[Task statement]: Copy the lines below, please, starting with the one that contains "141 Saundersville Road" and ending with the last. Pictures stay out.

** Data excerpt follows **

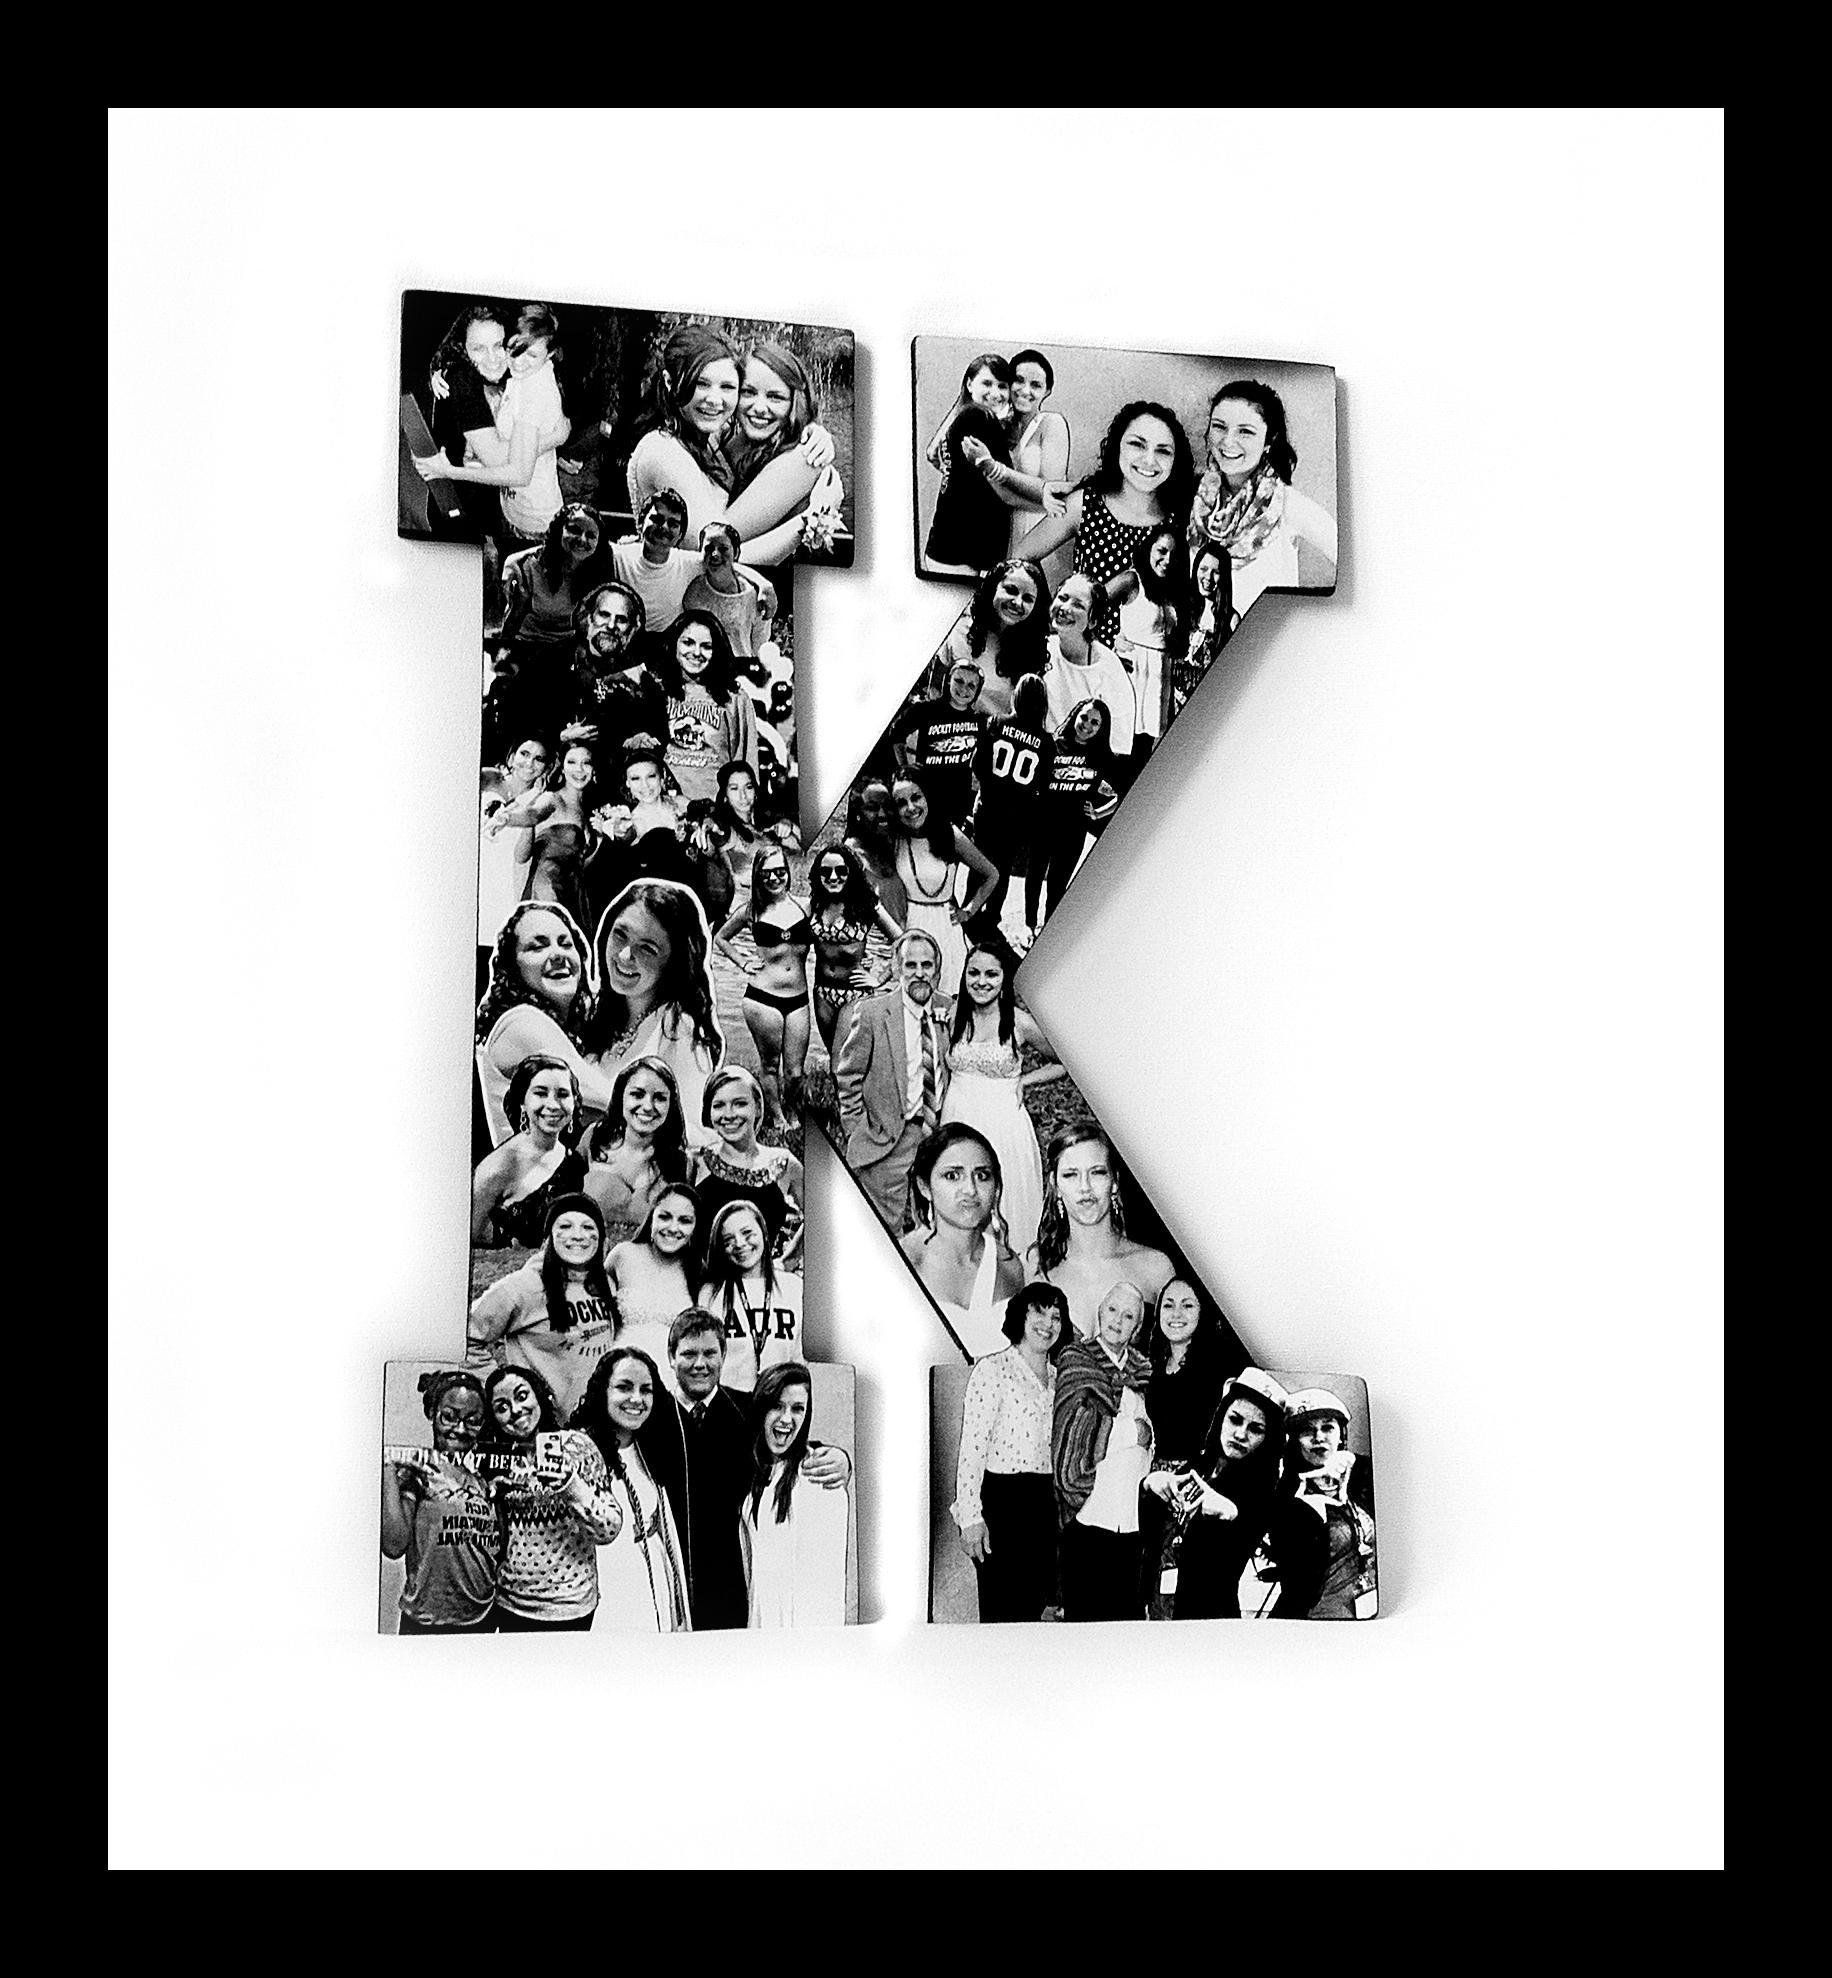 K ok Eckstein 7-14 (1)_edited-3.jpg
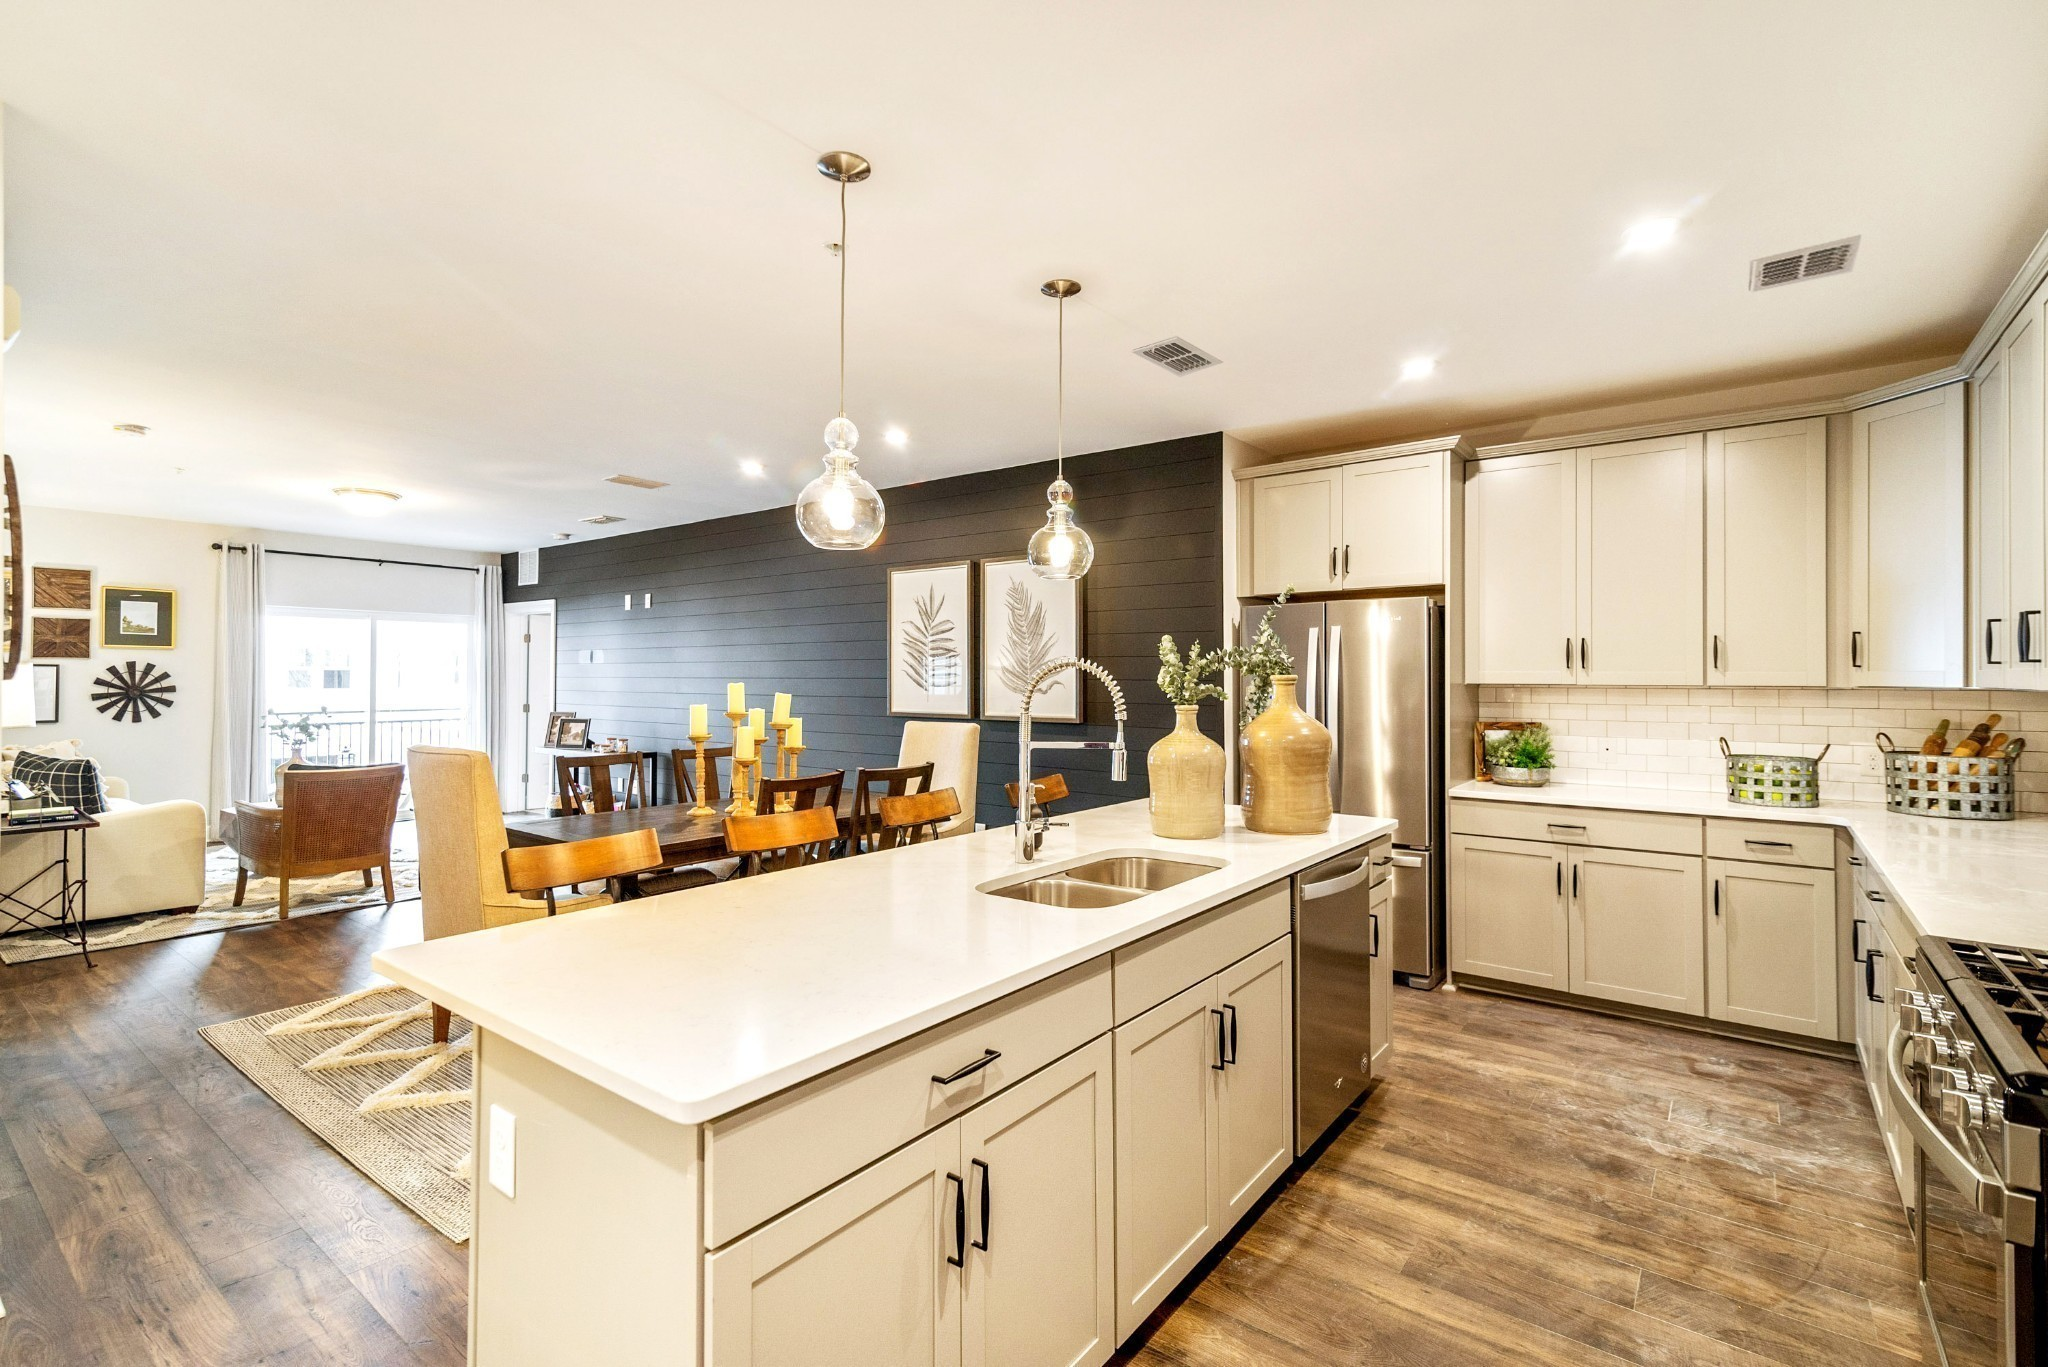 141 Saundersville Road #2408 Property Photo - Hendersonville, TN real estate listing
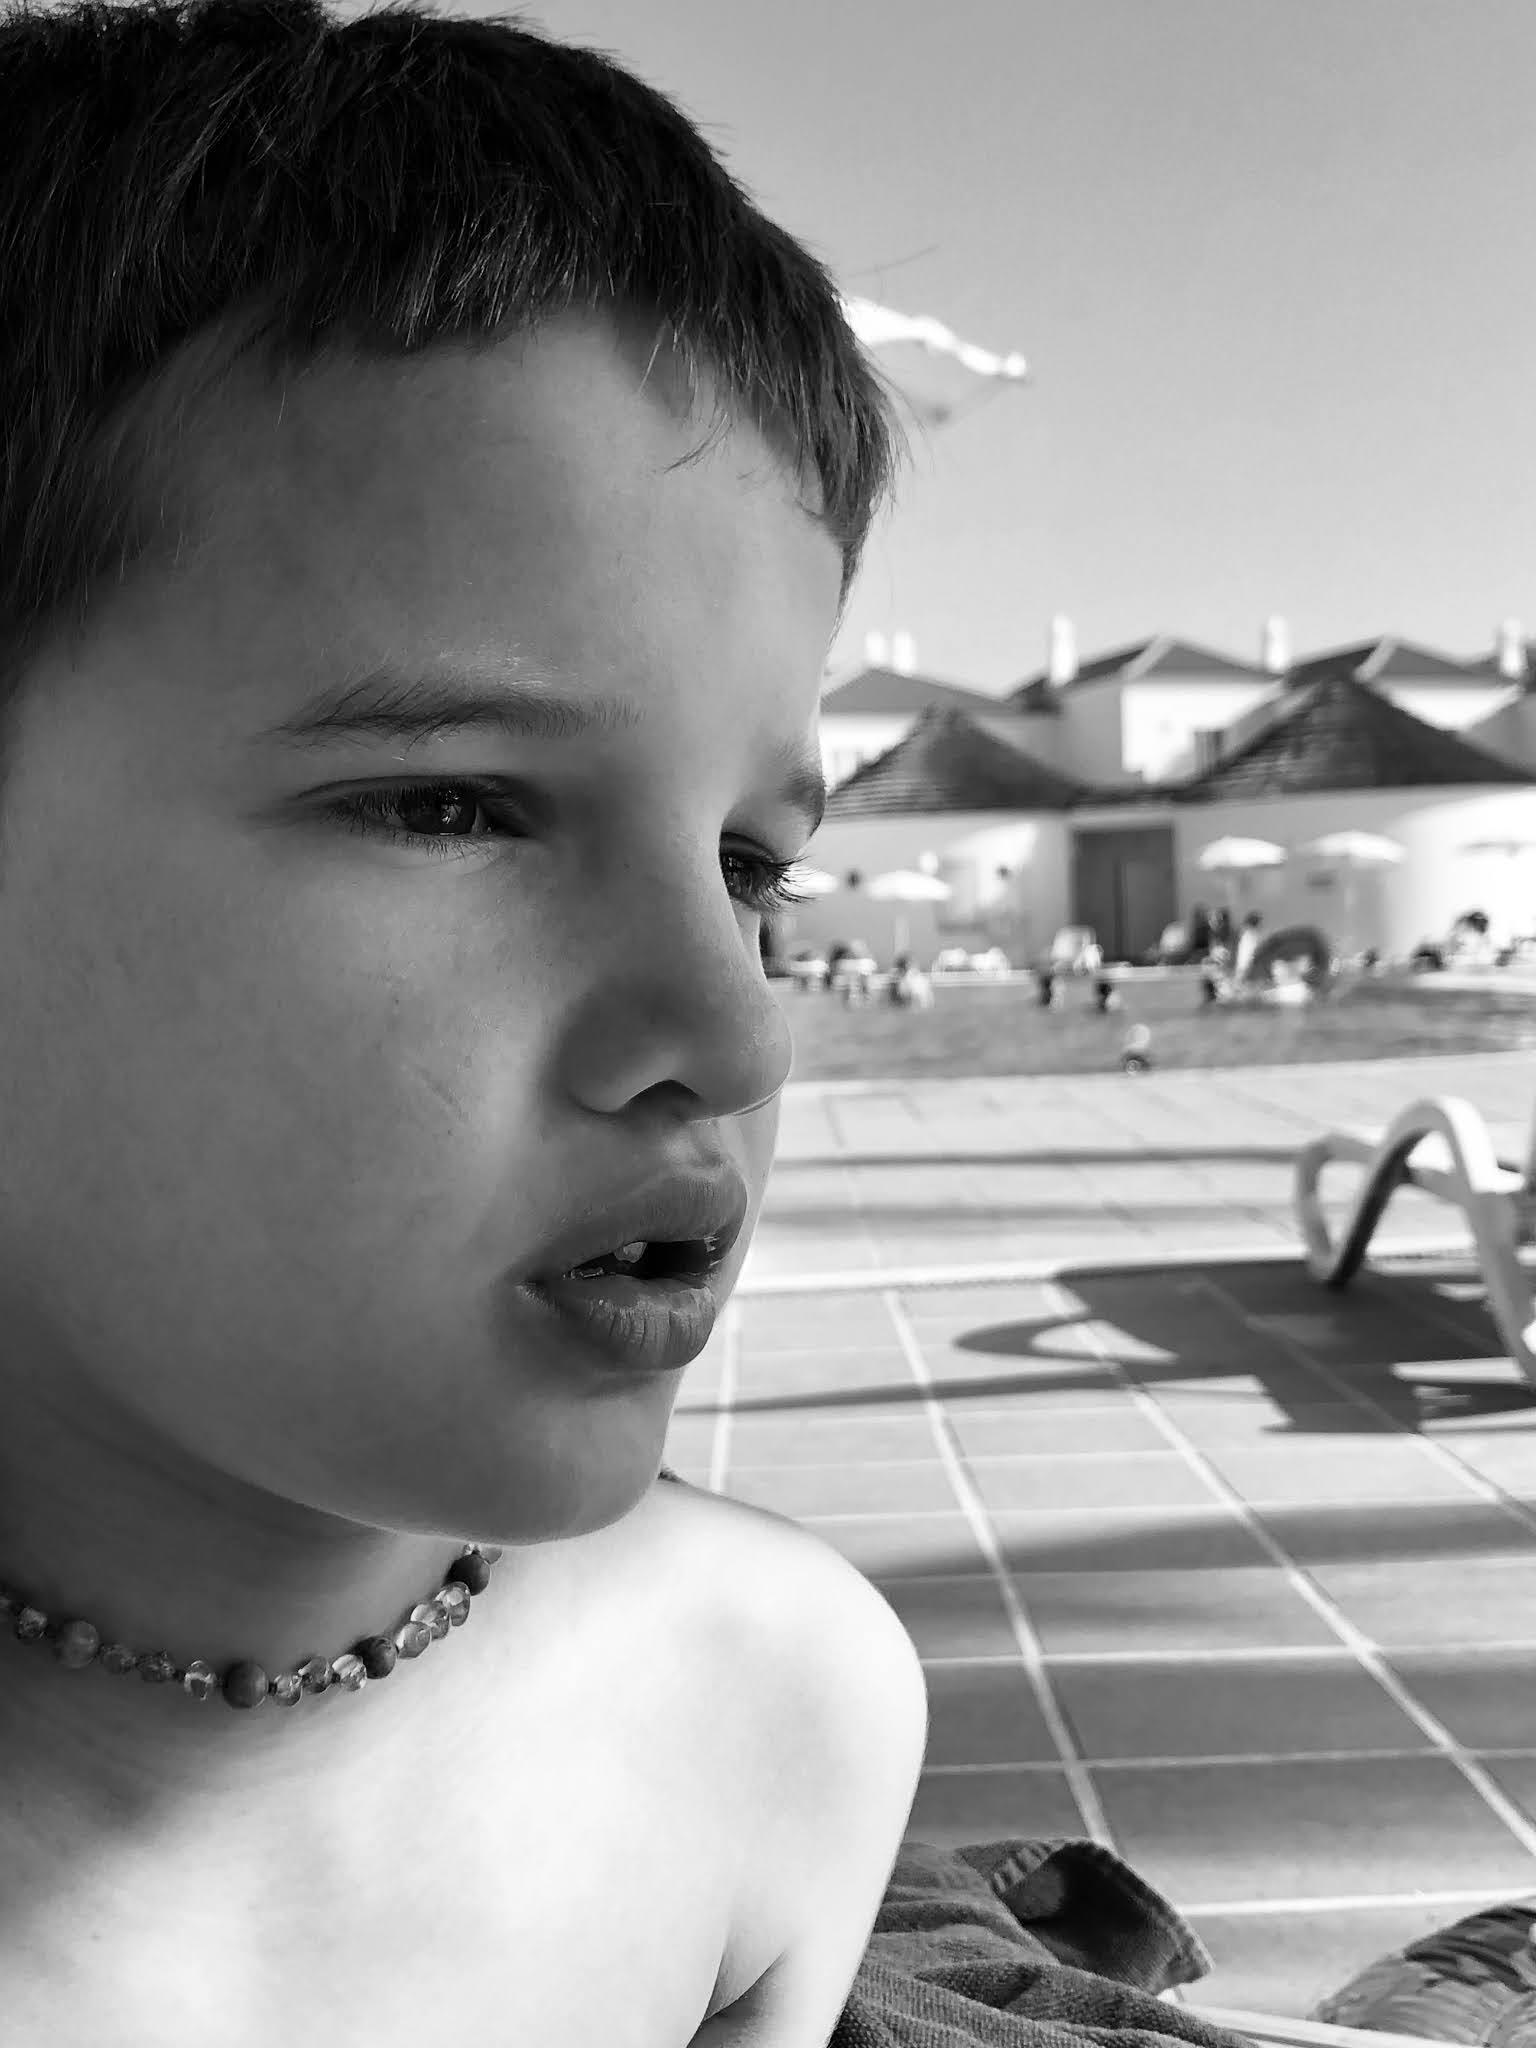 https://combicharocoscarpinteiros.blogspot.com

** End of Data excerpt **

[Result]:
 141 Saundersville Road #2408 Property Photo - Hendersonville, TN real estate listing
 https://combicharocoscarpinteiros.blogspot.com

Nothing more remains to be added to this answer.